Assuming that the check should be performed every 30 minutes, the crontab
entry should be as follows:
*/30 * * * * /opt/nagios/plugins/check_linux_services_by_ssh
For more details on how an entry in crontab
should look, please consult its manual page available at http://linux.die.net/man/5/crontab.
If you have followed the steps from the previous sections carefully, then everything should be working properly. However, in some cases, performing checks over SSH might not be working properly and troubleshooting needs to be done to understand the root cause of the problem.
The first thing that you should start with is using the check_ssh
plugin to make sure that SSH is accepting connections on the host that we are checking. For example, we can run the following command:
root@ubuntu1:~# /opt/nagios/plugins/check_ssh -H 192.168.2.51 SSH OK - OpenSSH_4.7p1 Debian-8ubuntu1.2 (protocol 2.0)
Where 192.168.2.51
is the name of the IP address of the remote machine we want to monitor. If no SSH server is set up on the remote host, the plugin will return Connection refused
status, and if it failed to connect, the result will state No route to host
. In these cases, you need to make sure that the SSH server is working and all routers and firewalls do not reject communications over SSH, which is TCP port 22.
Assuming that the SSH server is accepting connections, the next thing that can be checked is whether the SSH key-based authorization works correctly. To do this, switch to the user the Nagios process is running as. Next, try to connect to the remote machine. The following are sample commands to perform this check:
root@ubuntu1:~# su nagios - $ ssh -v 192.168.2.51
This way you can check the connectivity as the same user as that which Nagios is using to run checks. You can also analyze the logs that will be printed to the standard output, as described earlier in this chapter.
If the SSH client prompts you for a password, then your keys are not set up properly. It is a common mistake to set up keys on the root
account instead of setting them up on the nagios
account. If this is the case, then create a new set of keys as the correct user and verify whether these keys are working correctly now.
Assuming this step worked fine, the next thing to be done is checking whether invoking an actual check command produces correct results. For example:
root@ubuntu1:~# su nagios - $ ssh 192.168.2.51 /opt/nagios/plugins/check_procs PROCS OK: 51 processes
This way, you will check the connectivity as the same user at which Nagios is running checks.

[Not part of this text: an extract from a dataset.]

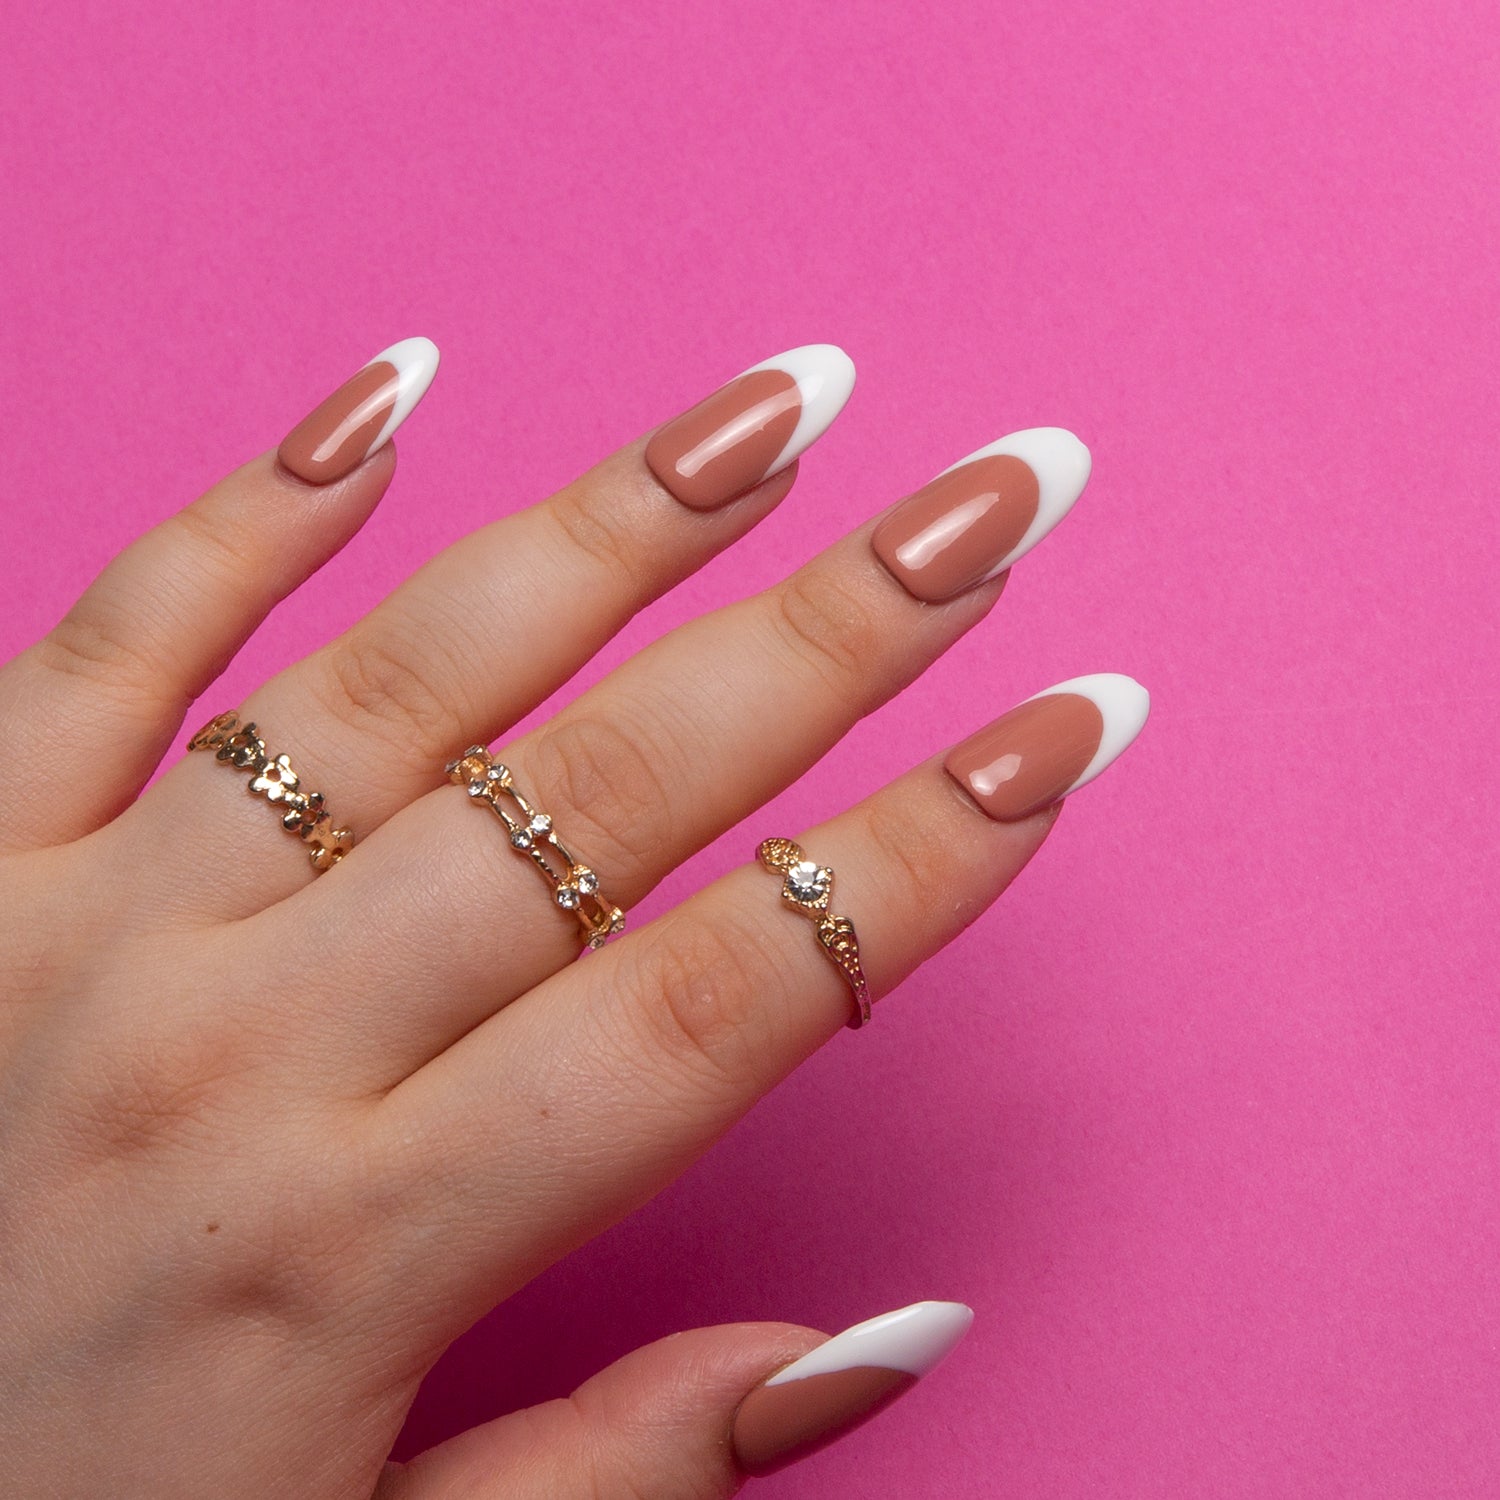 Hand with long round Coffee Latte French Tip press-on nails, featuring a rich brown base and white tips, adorned with gold rings against a bright pink background.

The last check is to make sure that the check_by_ssh
plugin also returns correct information. For example by doing:
root@ubuntu1:~# su nagios - $ /opt/nagios/plugins/check_by_ssh -H 192.168.2.1 /opt/nagios/plugins/check_procs PROCS OK: 52 processes
If the last step also worked correctly, it means that all check commands are working correctly.
If you still have issues with the running of the checks, then the next thing you should investigate is if Nagios has been properly configured and whether all commands, hosts, and services are set up in the correct way.